*HOW TO COMPLETE THIS TASK*. Please copy each line of the listing below precisely, excluding the images.

*DATA*.
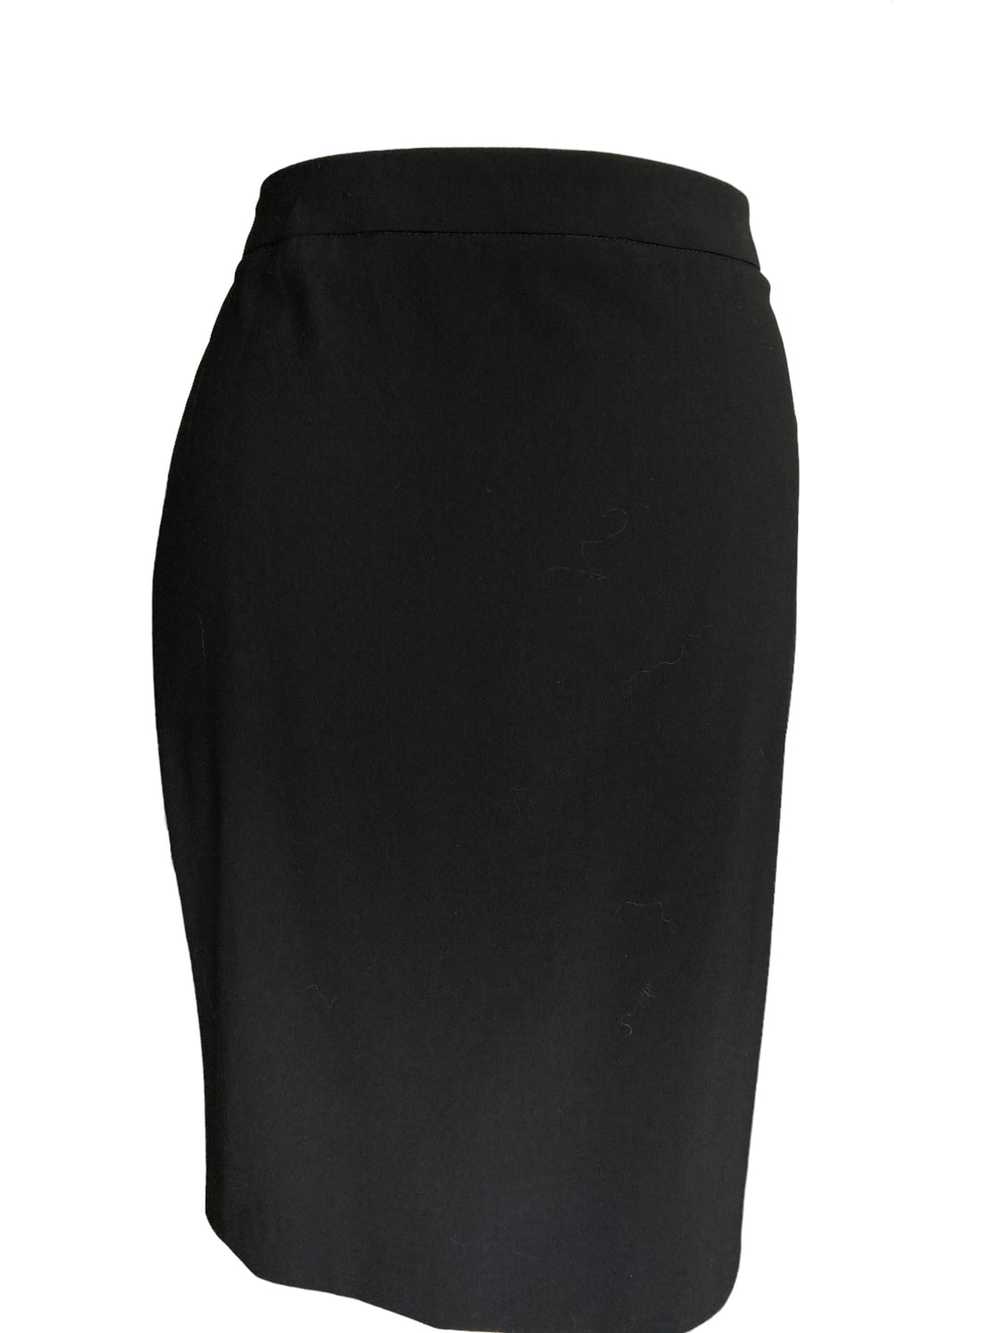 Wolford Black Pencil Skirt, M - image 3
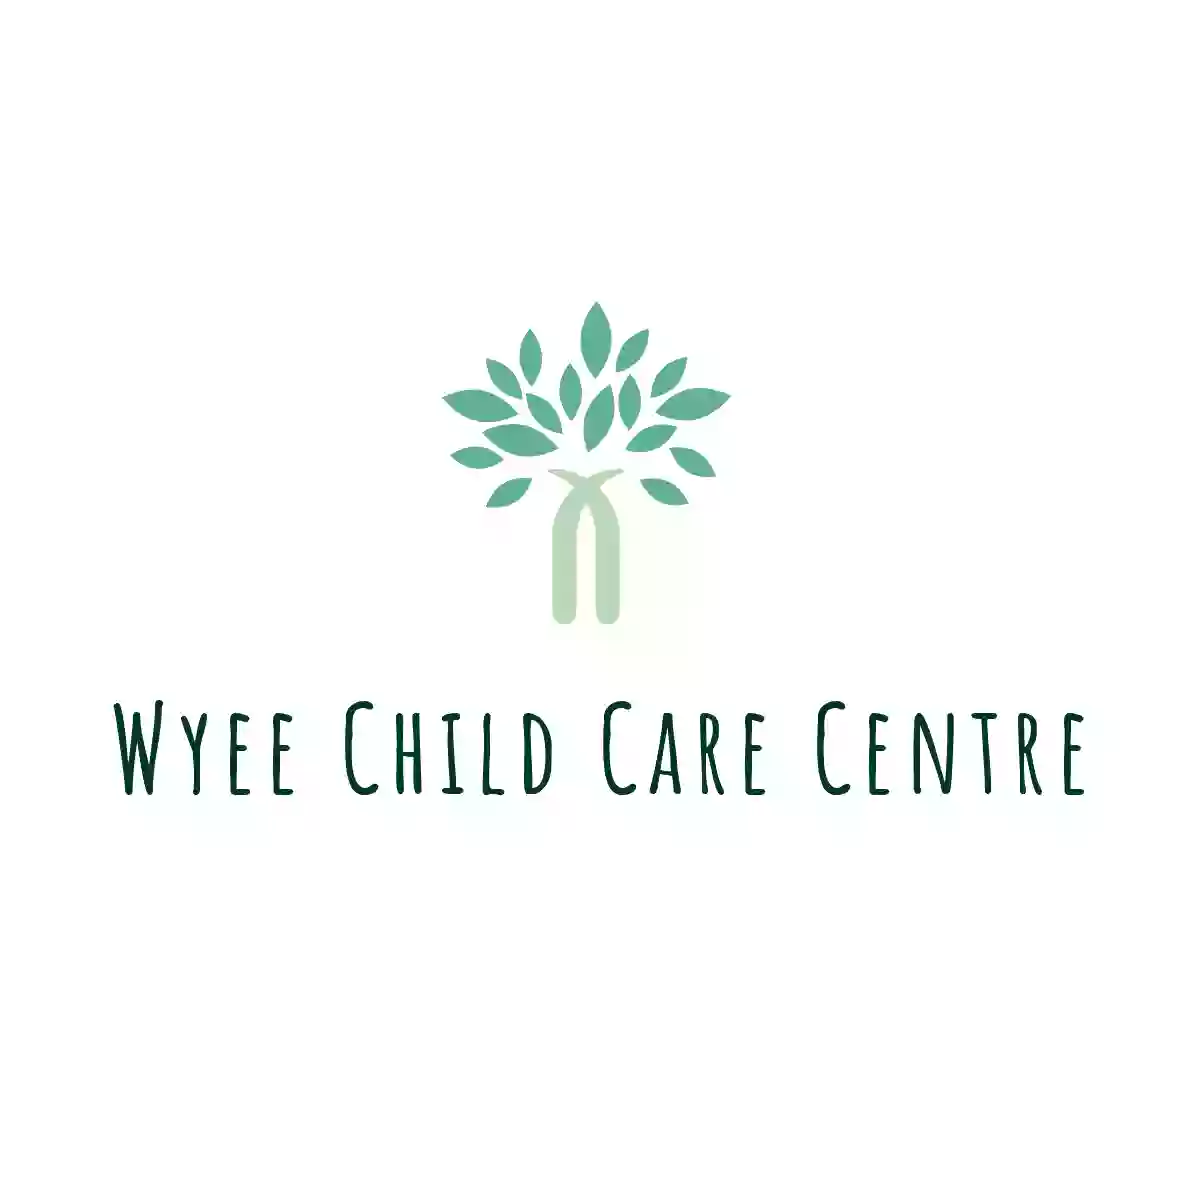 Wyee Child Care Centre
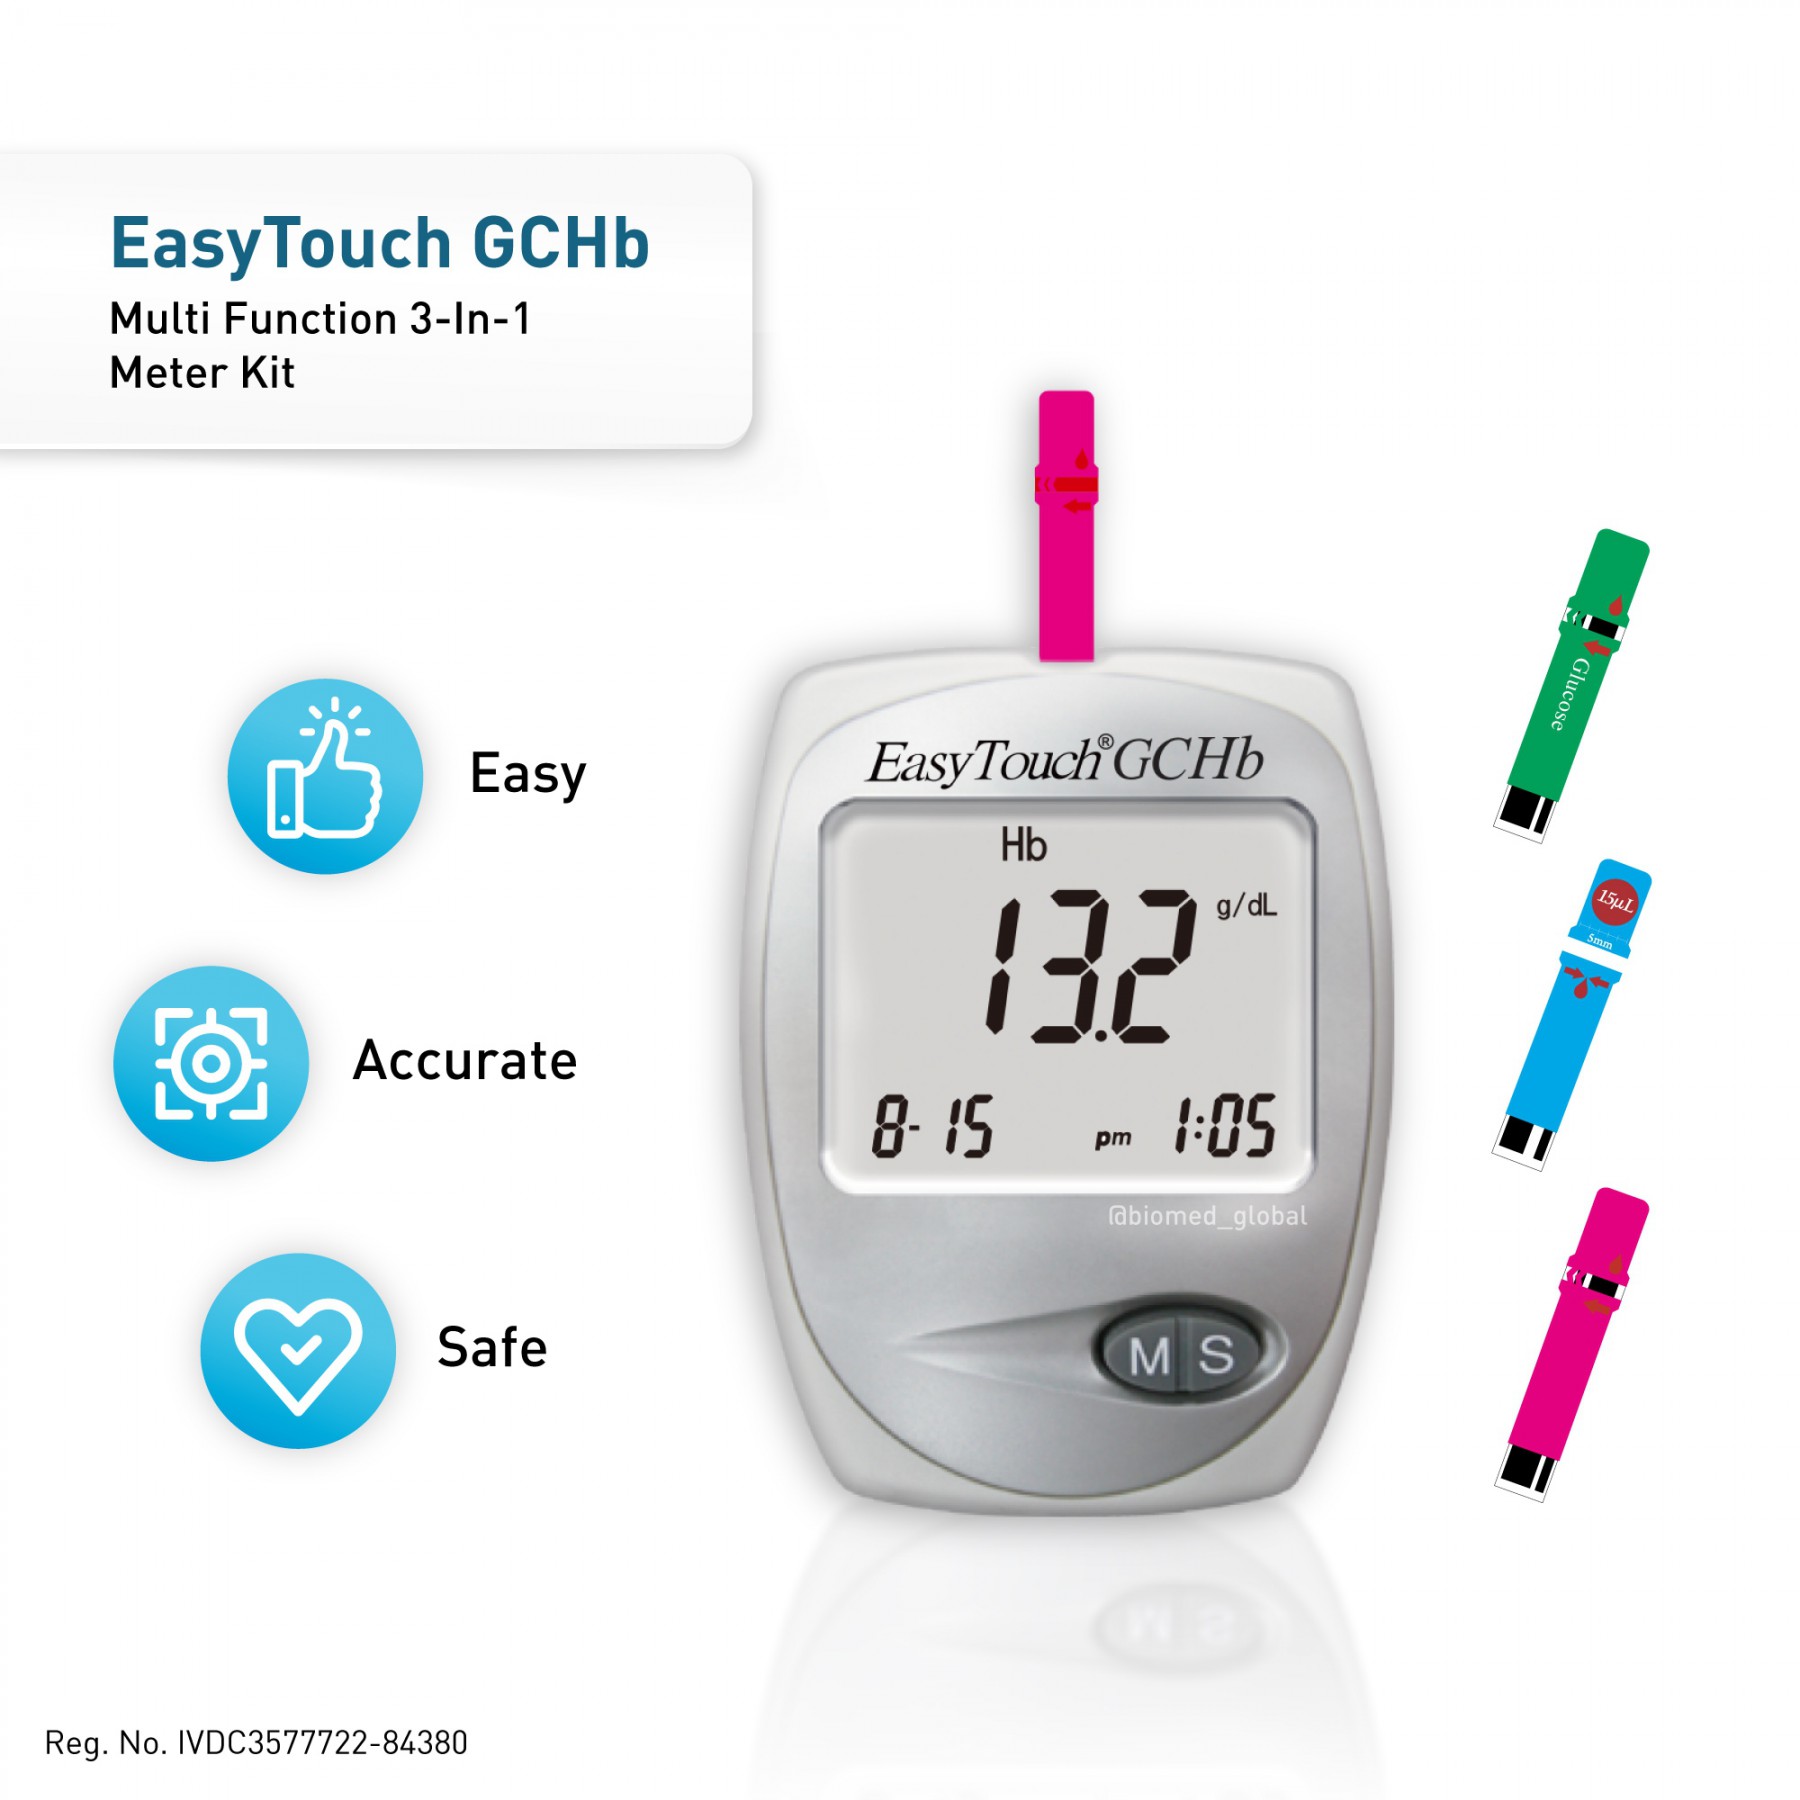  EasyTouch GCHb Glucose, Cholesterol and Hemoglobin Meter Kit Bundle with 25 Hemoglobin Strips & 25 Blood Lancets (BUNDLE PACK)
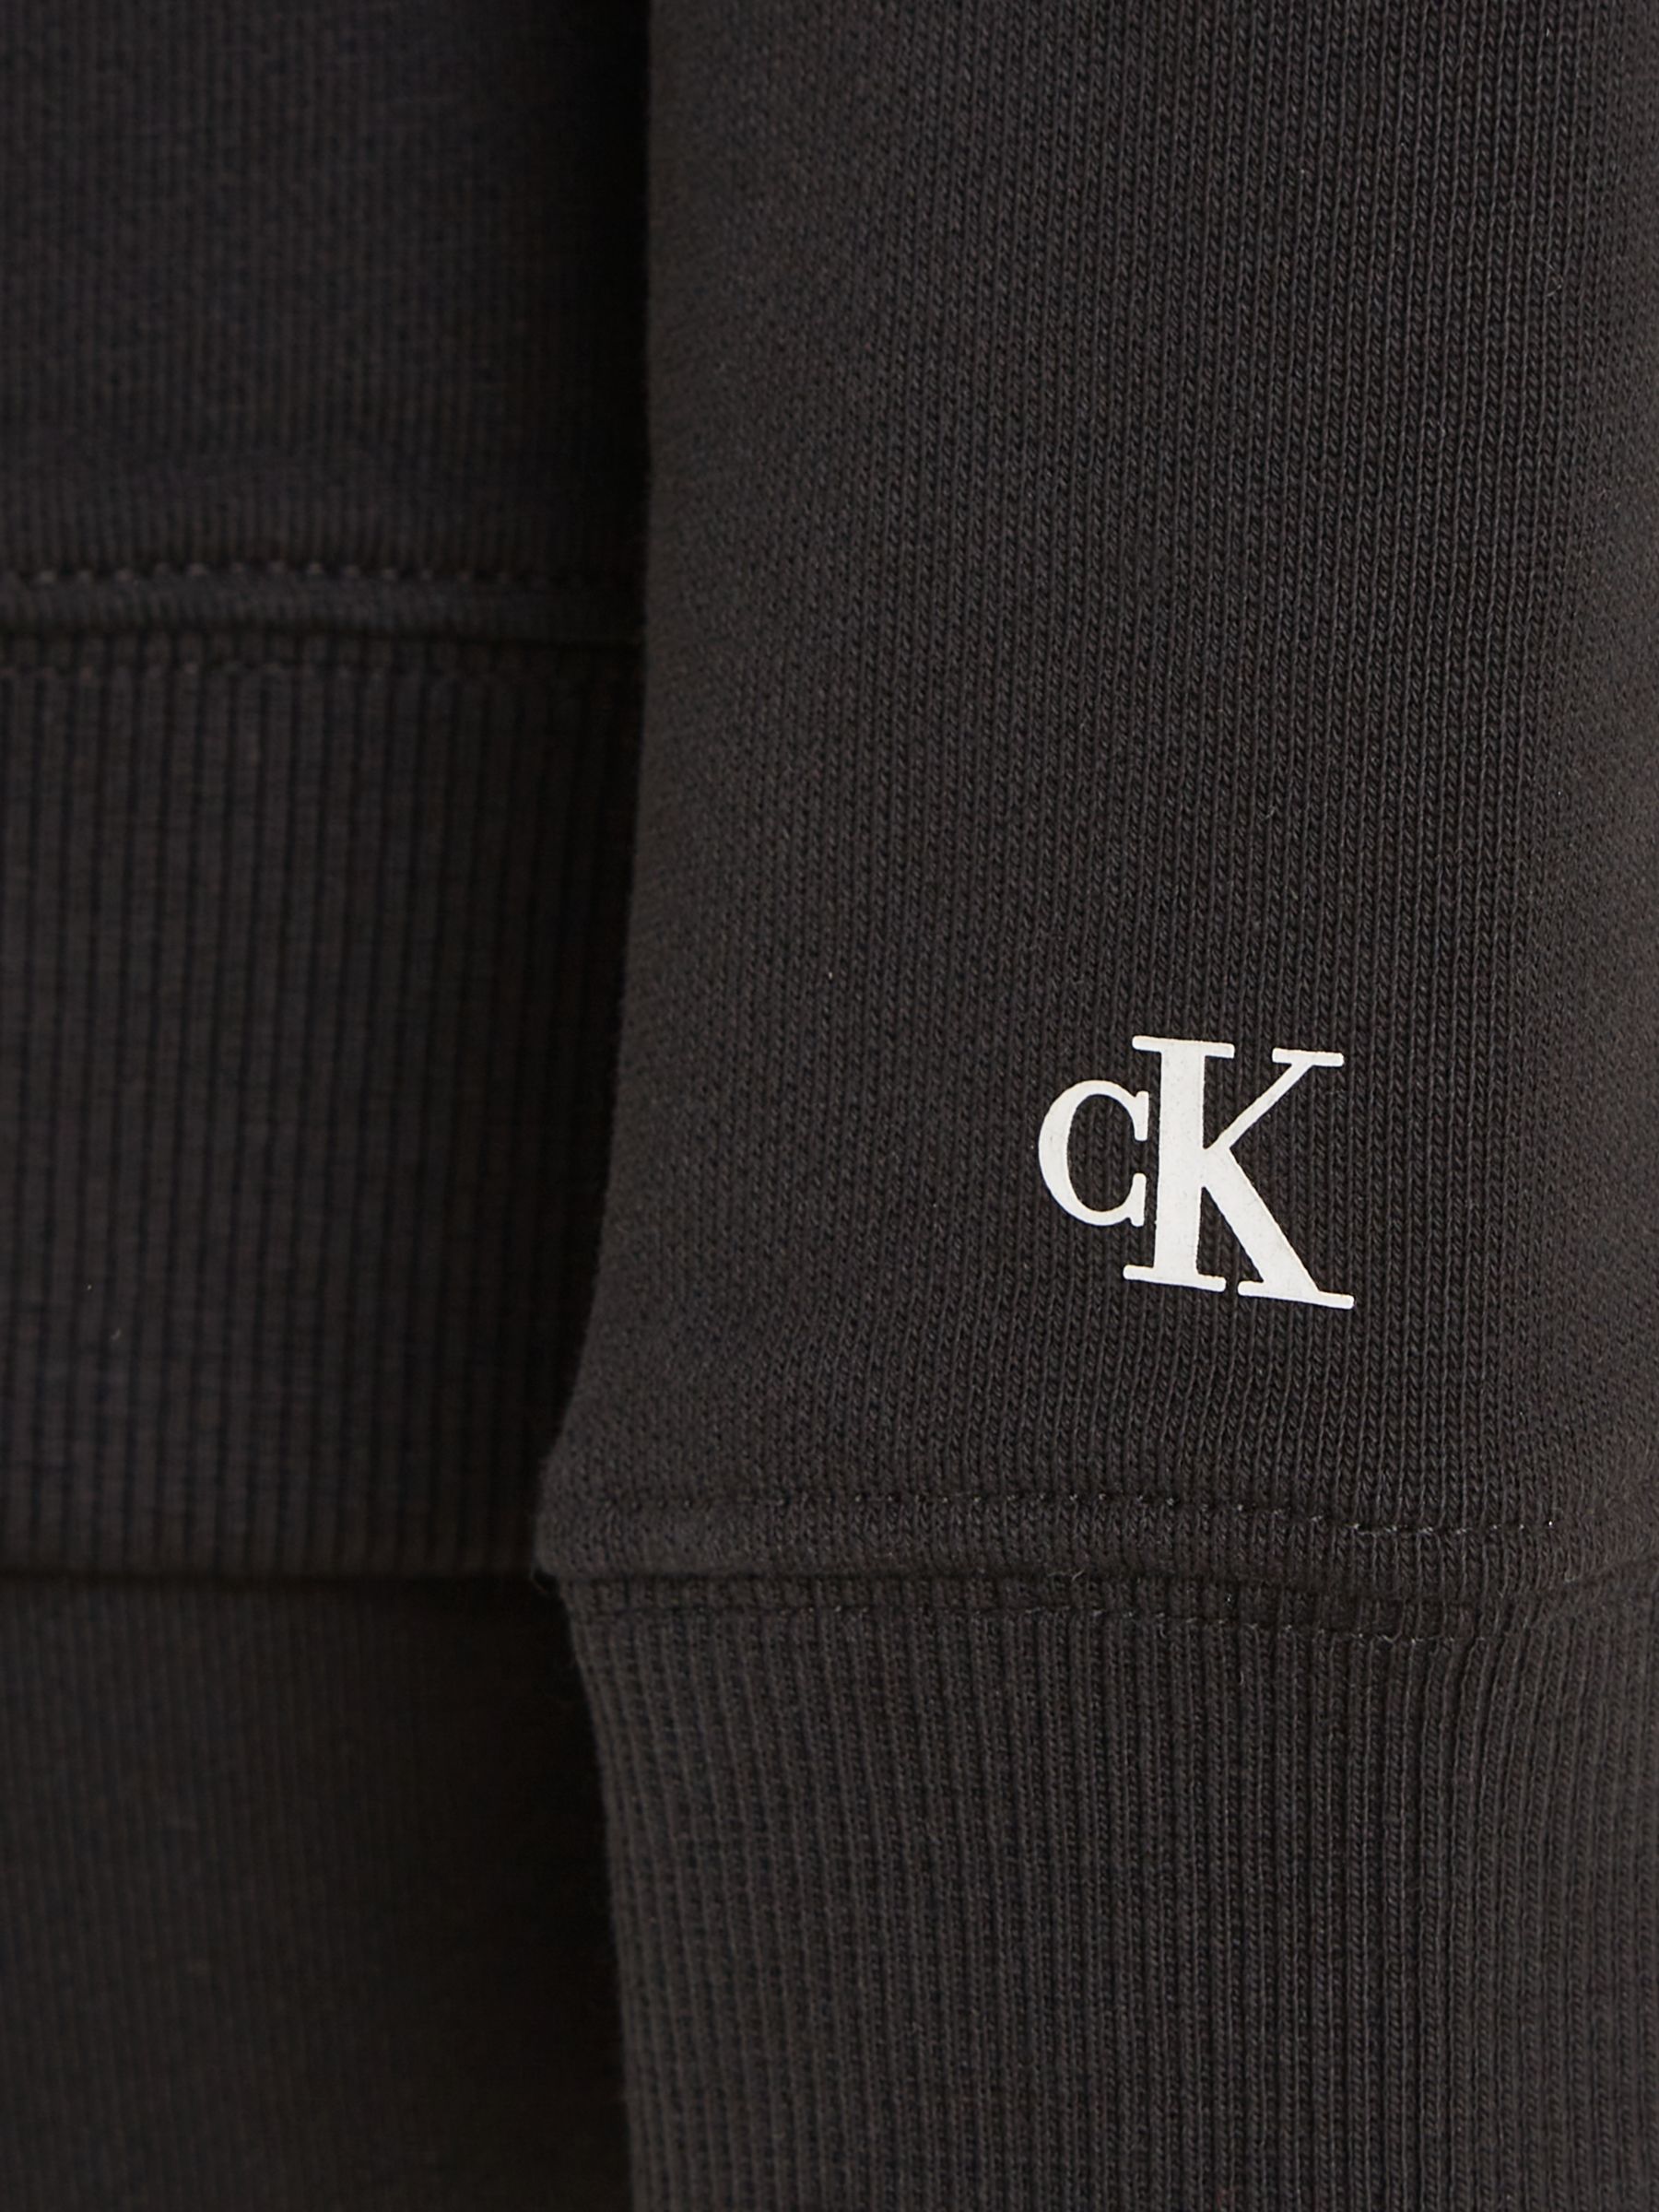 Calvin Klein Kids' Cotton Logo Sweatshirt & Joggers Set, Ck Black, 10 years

*FINAL ANSWER*.
 Wolford Black Pencil Skirt, M - image 3
 Wyee Child Care Centre
  EasyTouch GCHb Glucose, Cholesterol and Hemoglobin Meter Kit Bundle with 25 Hemoglobin Strips & 25 Blood Lancets (BUNDLE PACK)
 Calvin Klein Kids' Cotton Logo Sweatshirt & Joggers Set, Ck Black, 10 years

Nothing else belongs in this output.